◆ Dataset section ◆
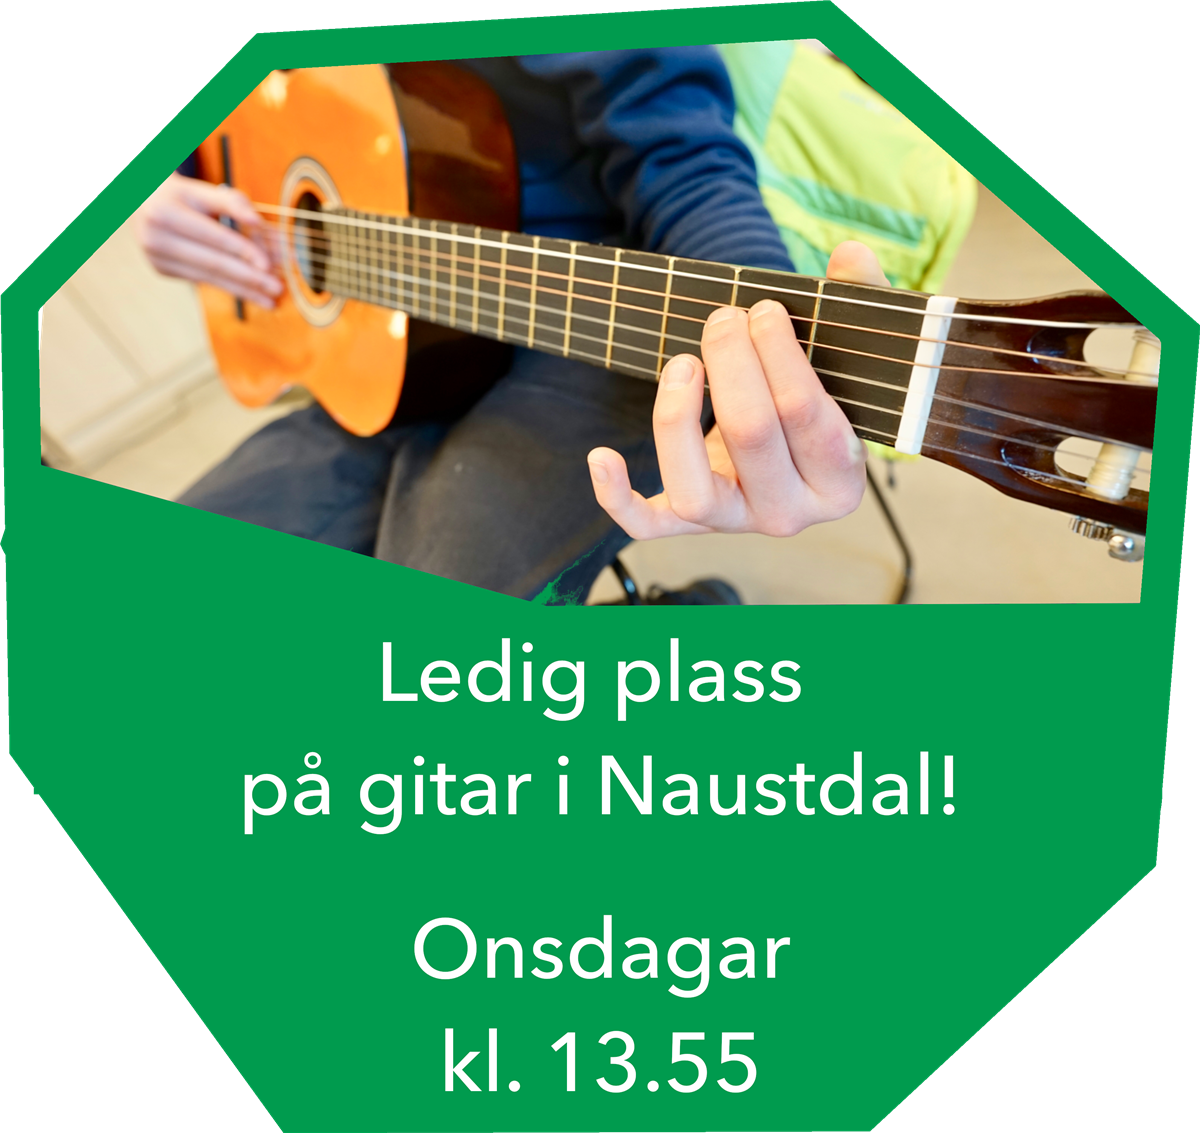 Barnehender spelar gitar, tekst: ledig plass på gitar i Naustdal onsdagar kl. 13.55 - Klikk for stort bilete
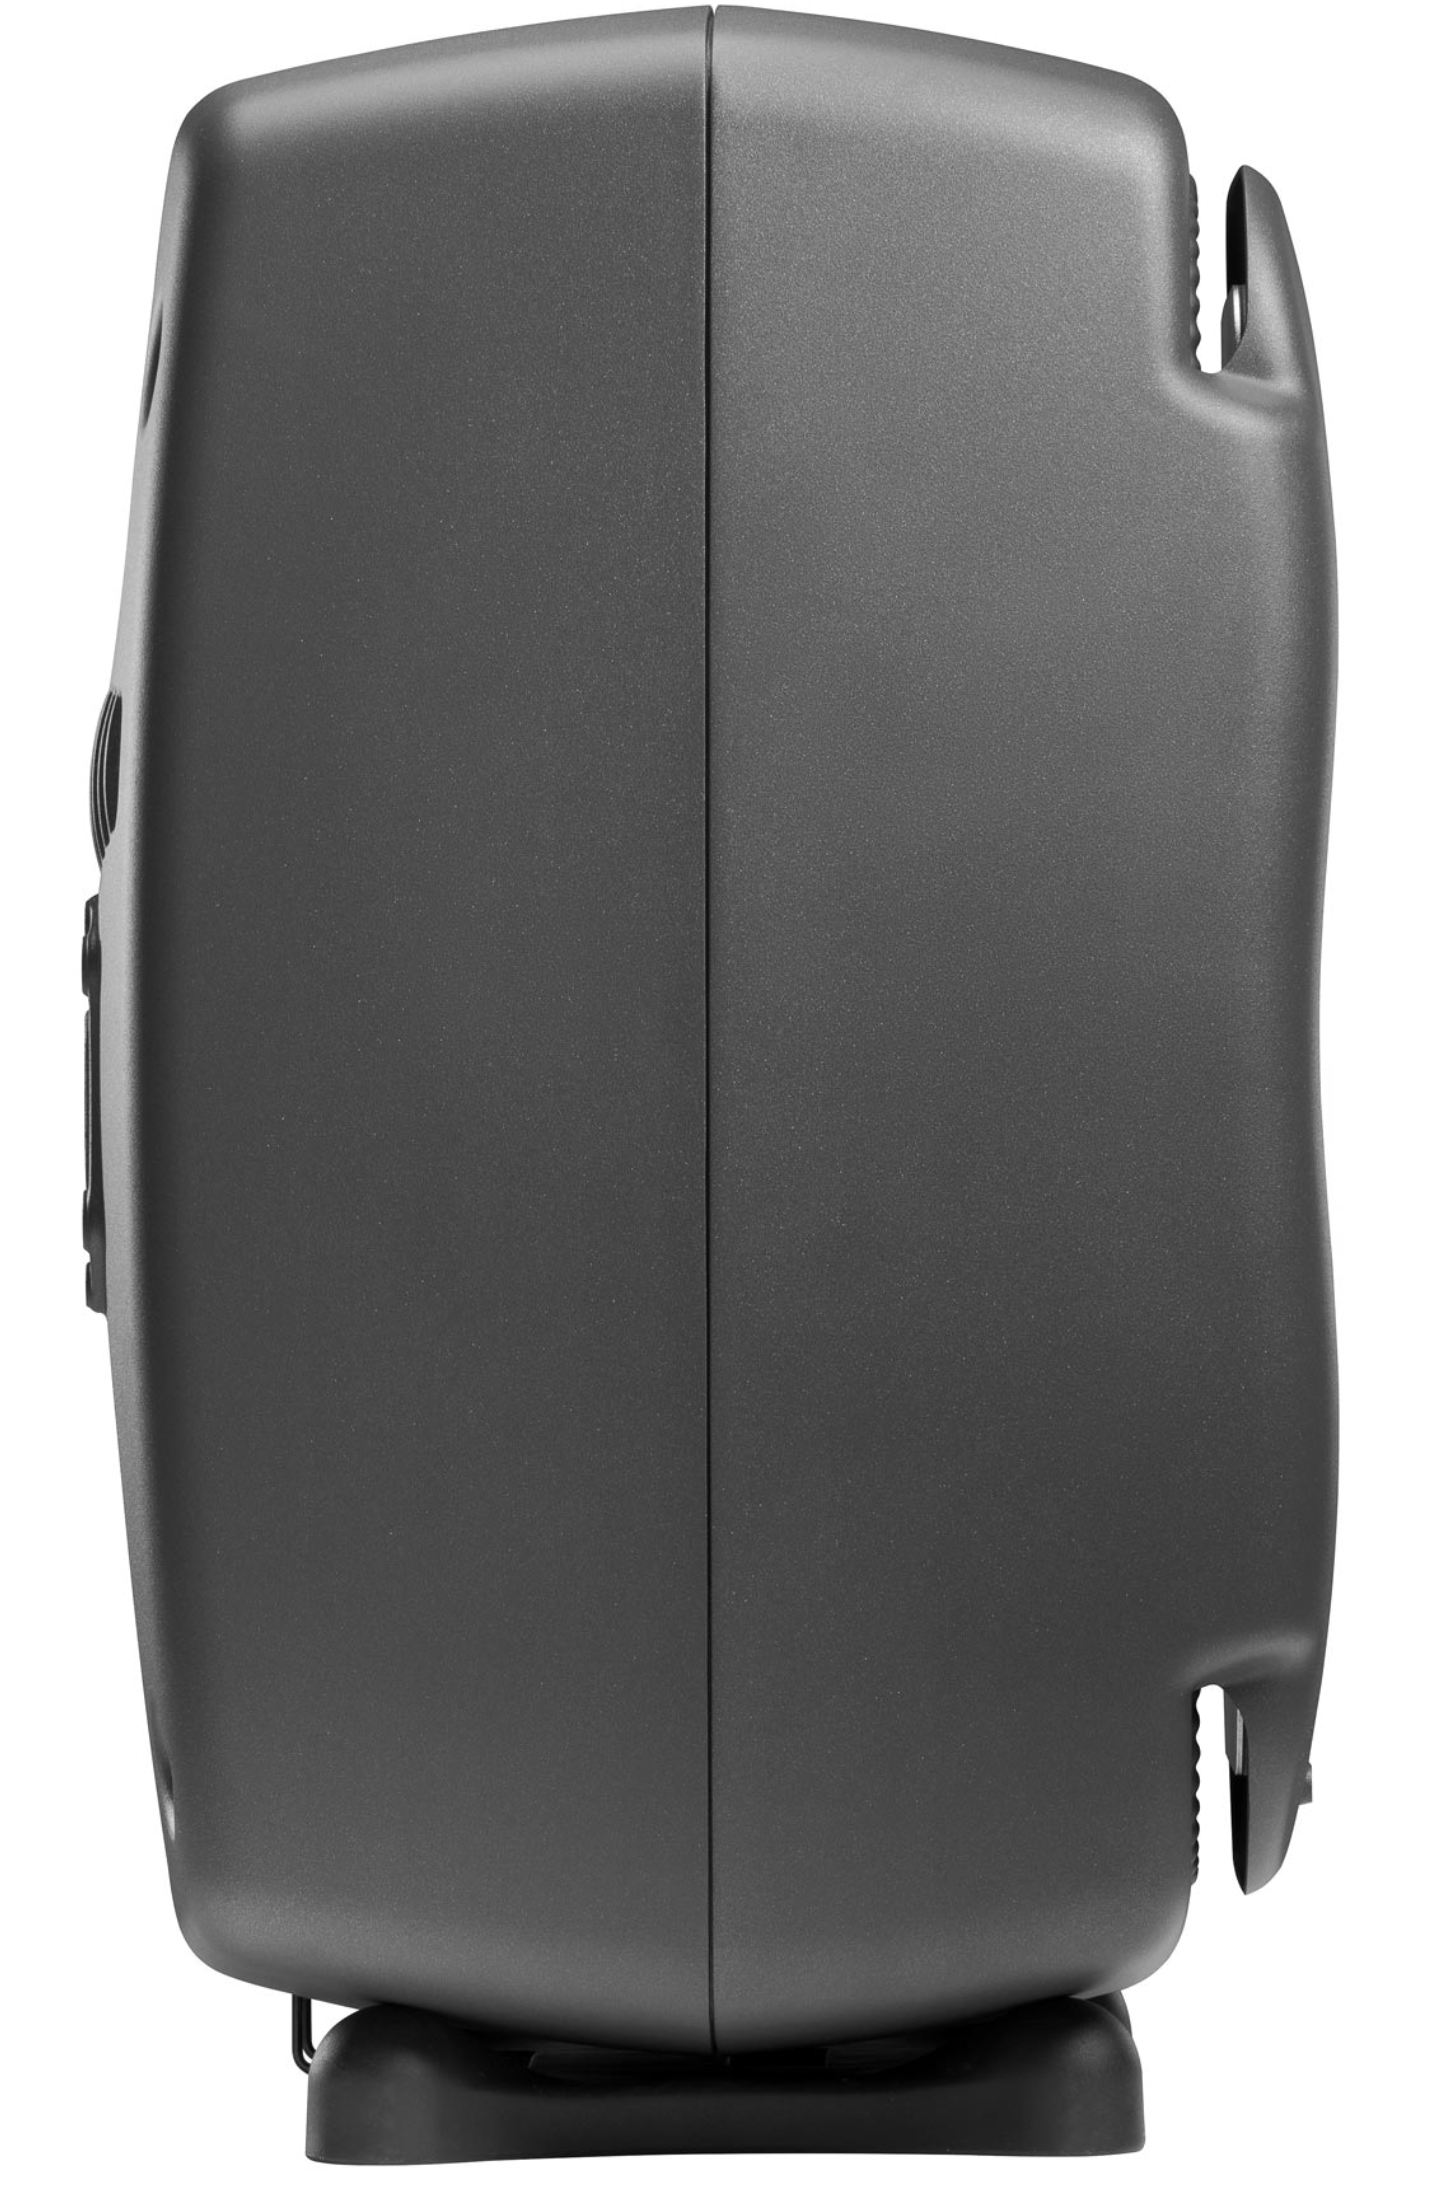 Genelec 8361A SAM Studio Monitors in dark gray.  Profile image
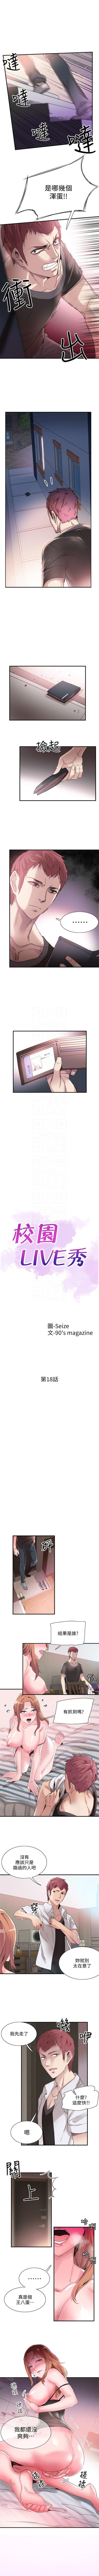 校园live秀 1-34 中文翻译（更新中） 125
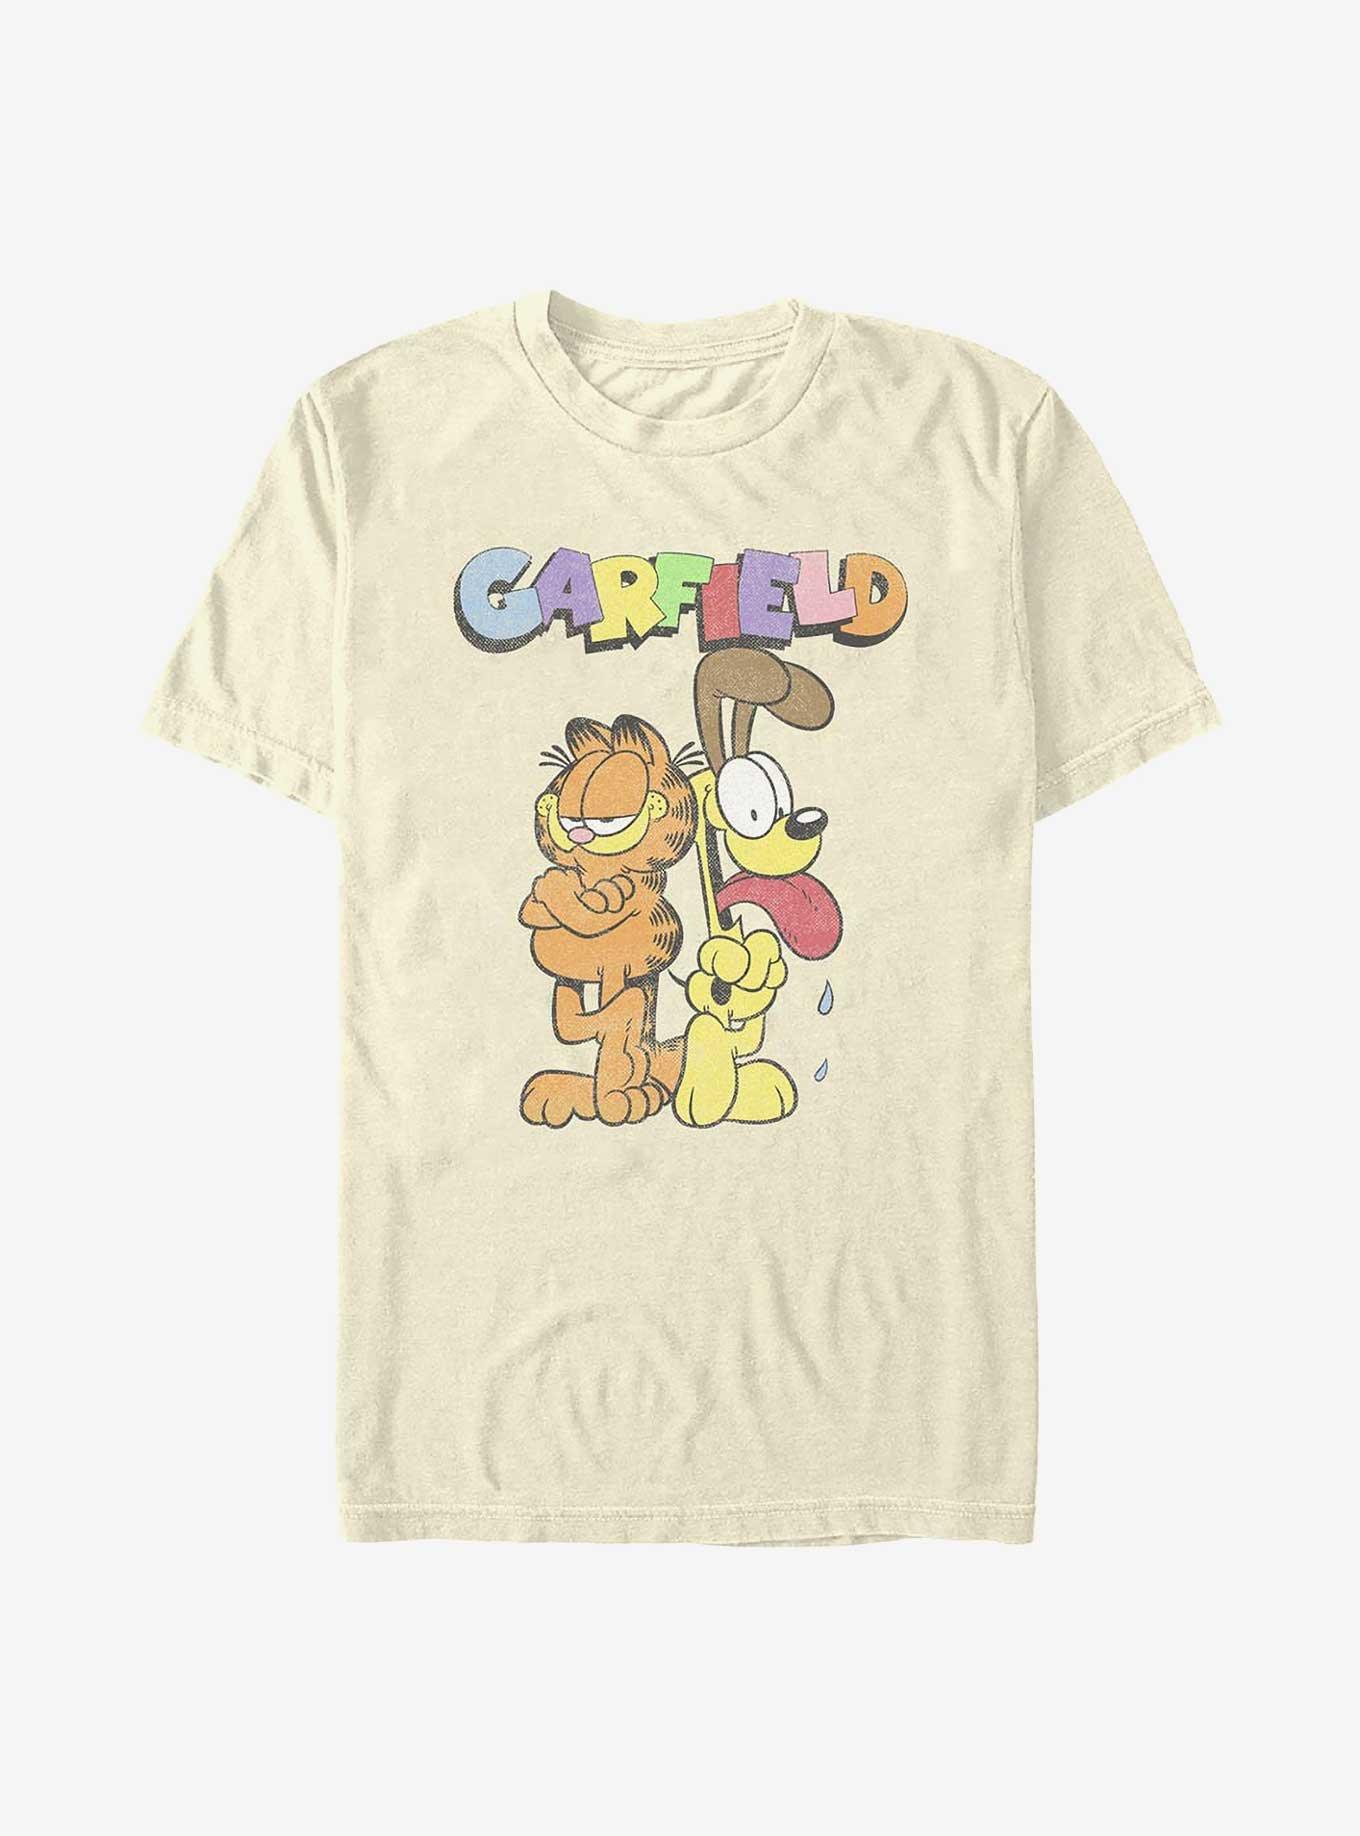 Garfield Garfield And Odie T-Shirt - BEIGETAN

◆ Work request ◆
Everything in the material except the pictures should be restated word for word.

◆ Answer area ◆
 Barnehender spelar gitar, tekst: ledig plass på gitar i Naustdal onsdagar kl. 13.55 - Klikk for stort bilete
 Genelec 8361A SAM Studio Monitors in dark gray.  Profile image
 校园live秀 1-34 中文翻译（更新中） 125
 Garfield Garfield And Odie T-Shirt - BEIGETAN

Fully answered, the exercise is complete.